I knew that Coulson was next because he waved me over to his office while I was sitting with Simmons and Fitz. Skye had told me that Coulson was like her father figure. Well, she didn't exactly tell me that in words, but the way she referred to him, and respected him, and wanted to make him proud, told me that she viewed him as her father, so I knew I really had to impress him if I wanted this thing to work.

"Have a seat Lincoln," he said when I walked in the door. I cautiously sat in the chair facing his desk. He unbuttoned the front of his suit jacket, and I knew this was serious.

"No doubt you've already heard this many times," I nodded, "but we are very protective of Skye, and we wish her no harm. She's been through a lot, and we try to limit the amount of pain she has to go through. We have no qualms concerning getting rid of people who cause her pain. I'm sure you agree with this," I nodded again, "so as long as we are on the same page, I don't think we'll have any problems." At this he stood up and buttoned his jacket and I knew that my audience with the director was over.

I had thought that with Coulson's talk, everyone would have gone already, and that I was in the clear. So for the rest of the day I didn't worry about the shovel talk.

I should have worried.

Because I had forgotten the most terrifying member of the Bus.

Melinda May.

oooOOOooo

I ran into her on my way back to my room.

I had been in Skye's doing…things, and was heading back towards mine to go to sleep when I noticed her standing outside my door.

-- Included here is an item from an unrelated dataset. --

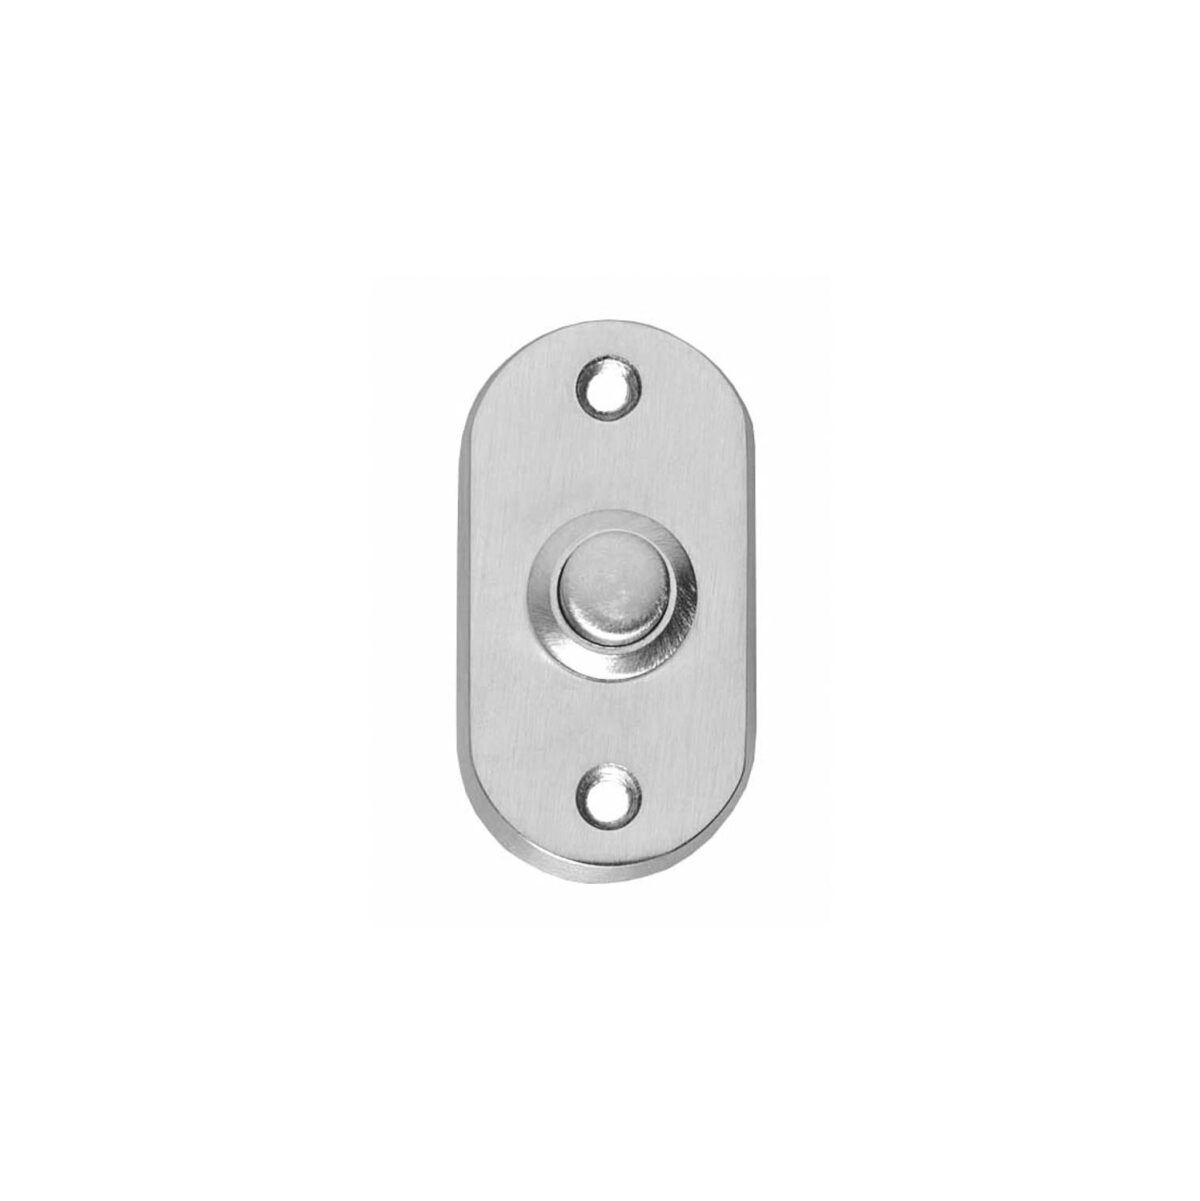 doorbell oval chrome matt, doorbell, ring doorbell, doorbells, pull bell, ding dong doorbell, doorbell set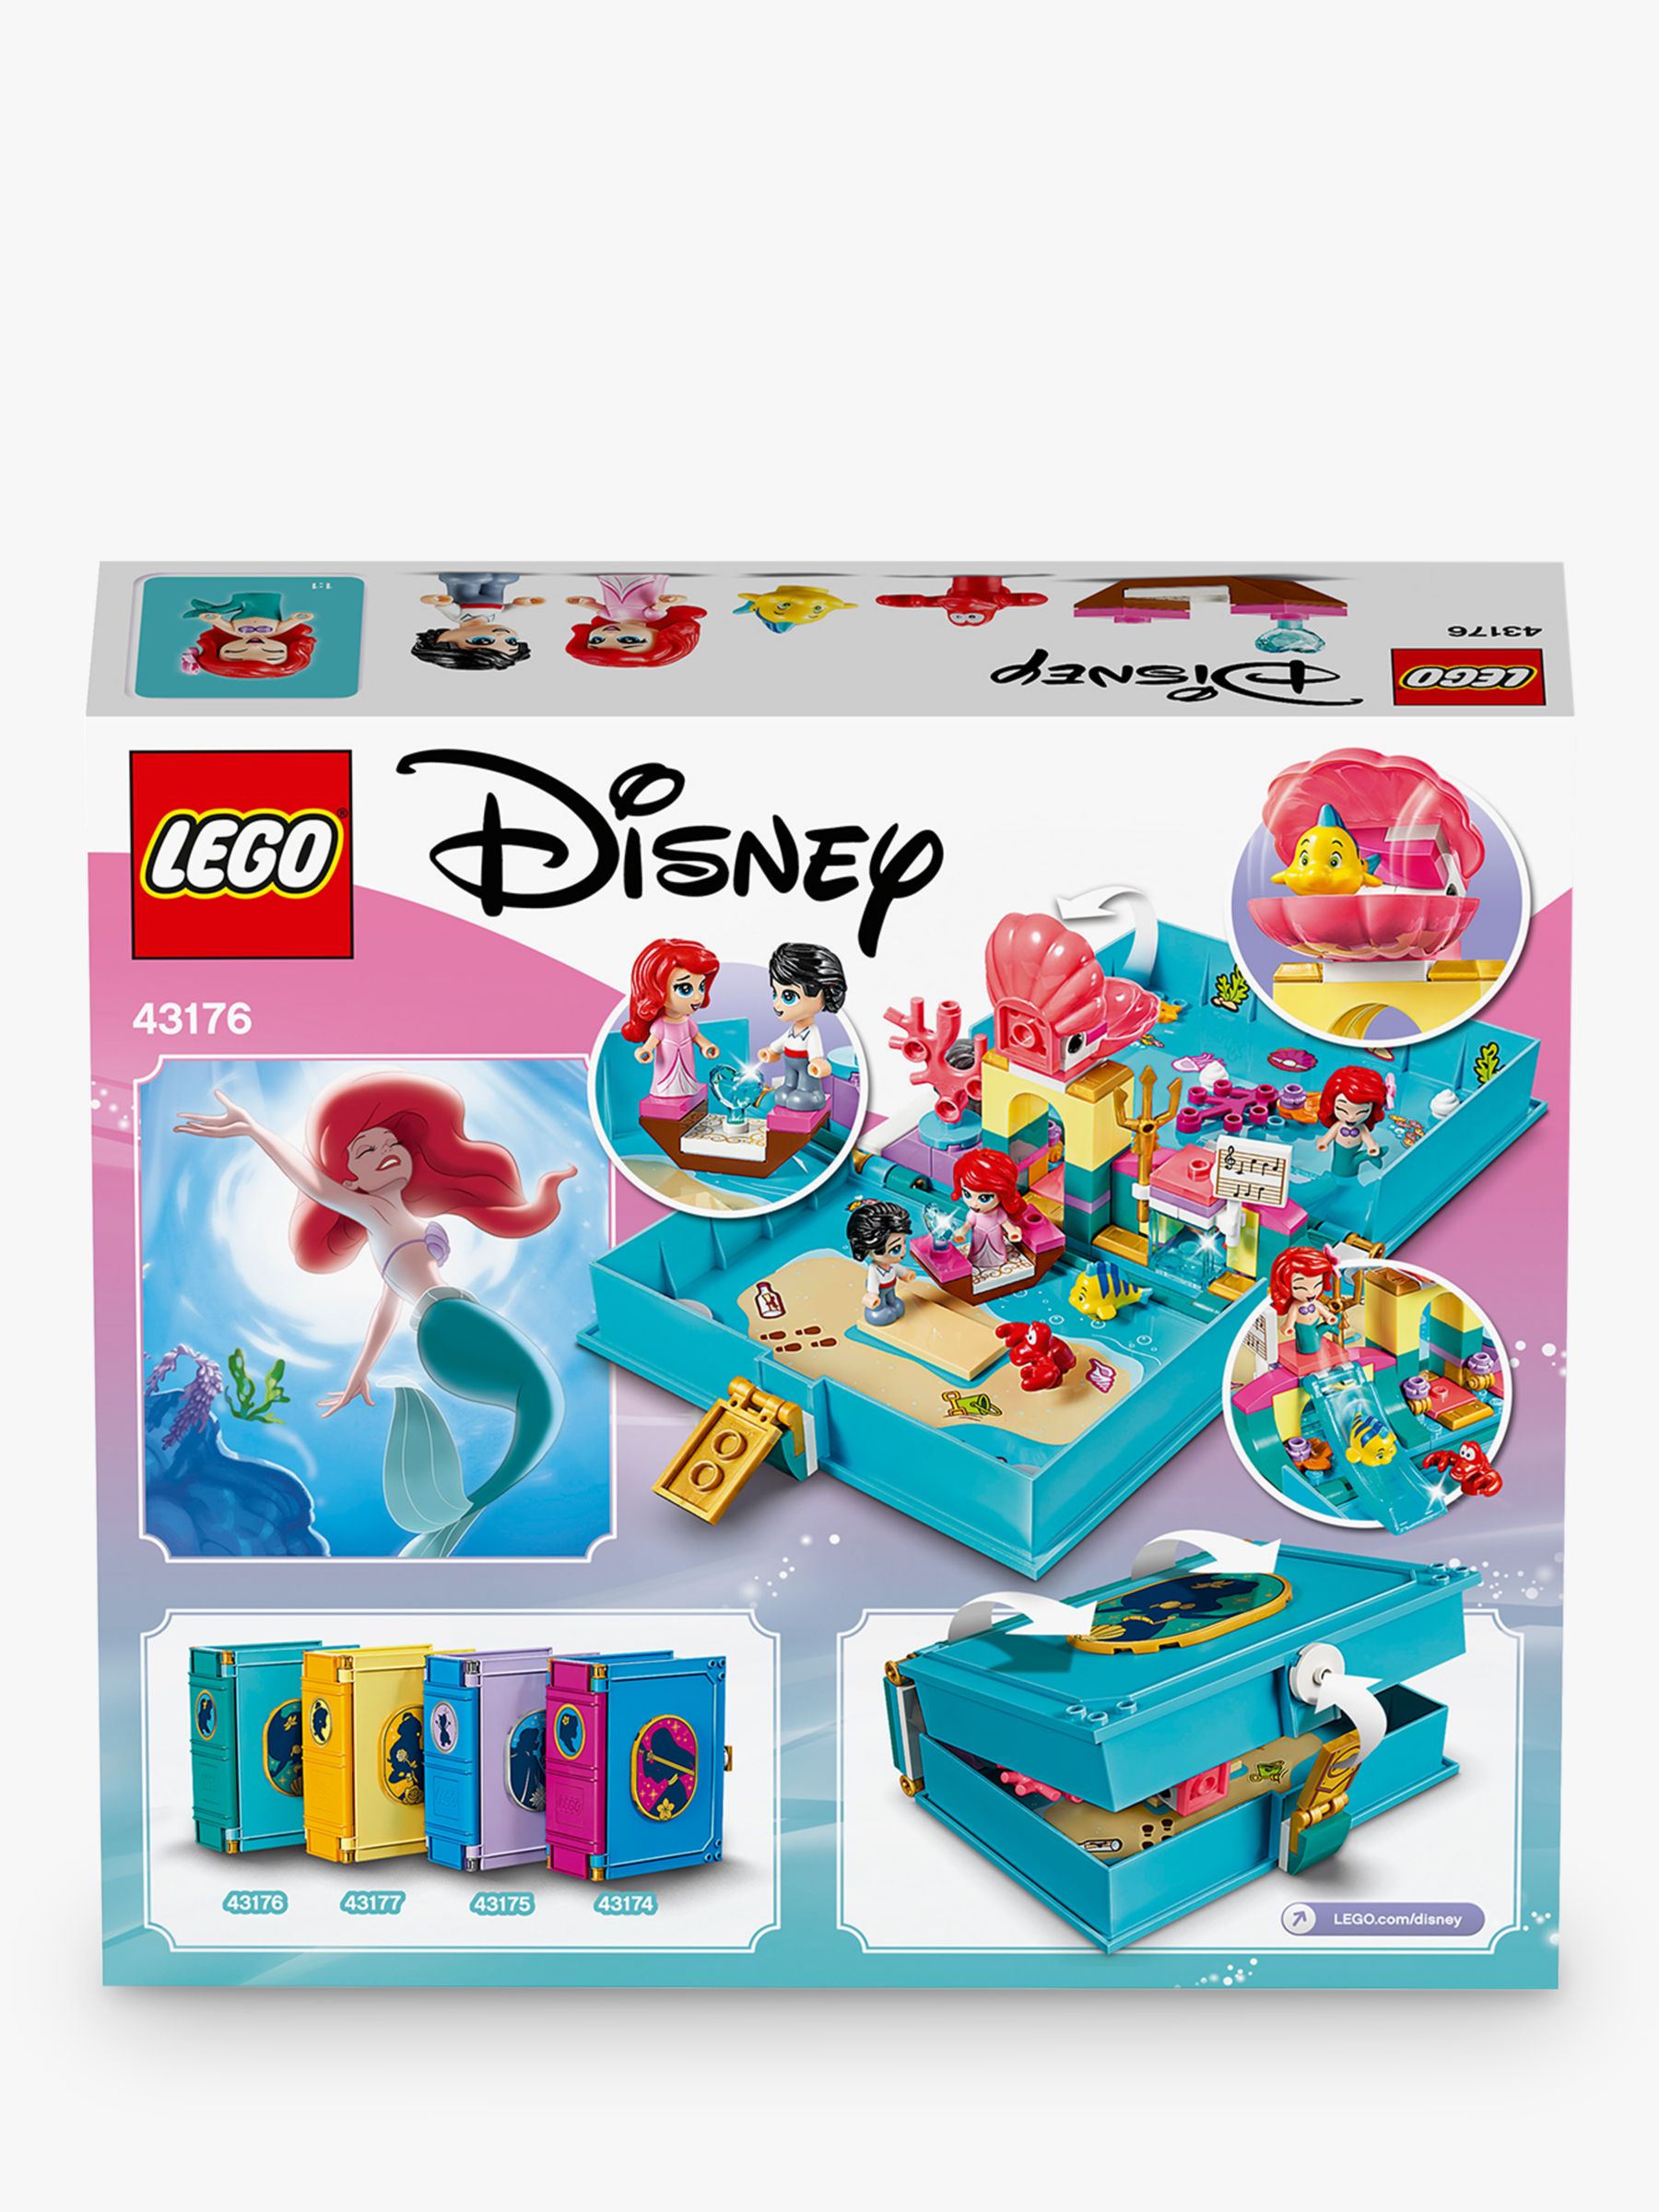 Disney Lego Ariel's Storybook Adventures Building Set New with Box

She looked like she was guarding it, with her hands behind her back, her feet spread apart and her head facing straight ahead. I knew she had been waiting for me, and was probably not impressed at the late hour I was returning to my room.

As I got closer to my room, her head turned to face me. In the moonlight, I could only see half of her face, and she looked like a robot in a sci-fi movie, very stoic and even movements with no emotion or unnecessary actions.

I wasn't sure what a safe distance away from her would be, so I stopped about 3 feet away. I knew she could cross to me in a matter of milliseconds, but I consoled myself with the fact that I was a very fast runner.

I faced her, and she faced me.

"If you hurt her…" She raised her eyebrows and tilted her head towards me, as if challenging me to ask her then what? Her eyes were hard and her expression held no emotion, but I knew she would not hesitate to destroy me if I hurt Skye. I knew from Skye's personal experience that May could be terrifying and most of the time her face held no emotion, and know I knew why Skye respected her and struggled to make her proud. May's hands had migrated to her sides, and I could see that they were balled into fists, a further indication that she would most definitely follow through with the threat. Then her lips quirked up in the smallest smile I've ever seen, and I knew she would take extreme delight in punishing me if I did anything wrong.

It was the most terrifying thing I've ever experienced.

And somehow that look scared me more than Simmons threatening to do an autopsy on me while I'm still alive.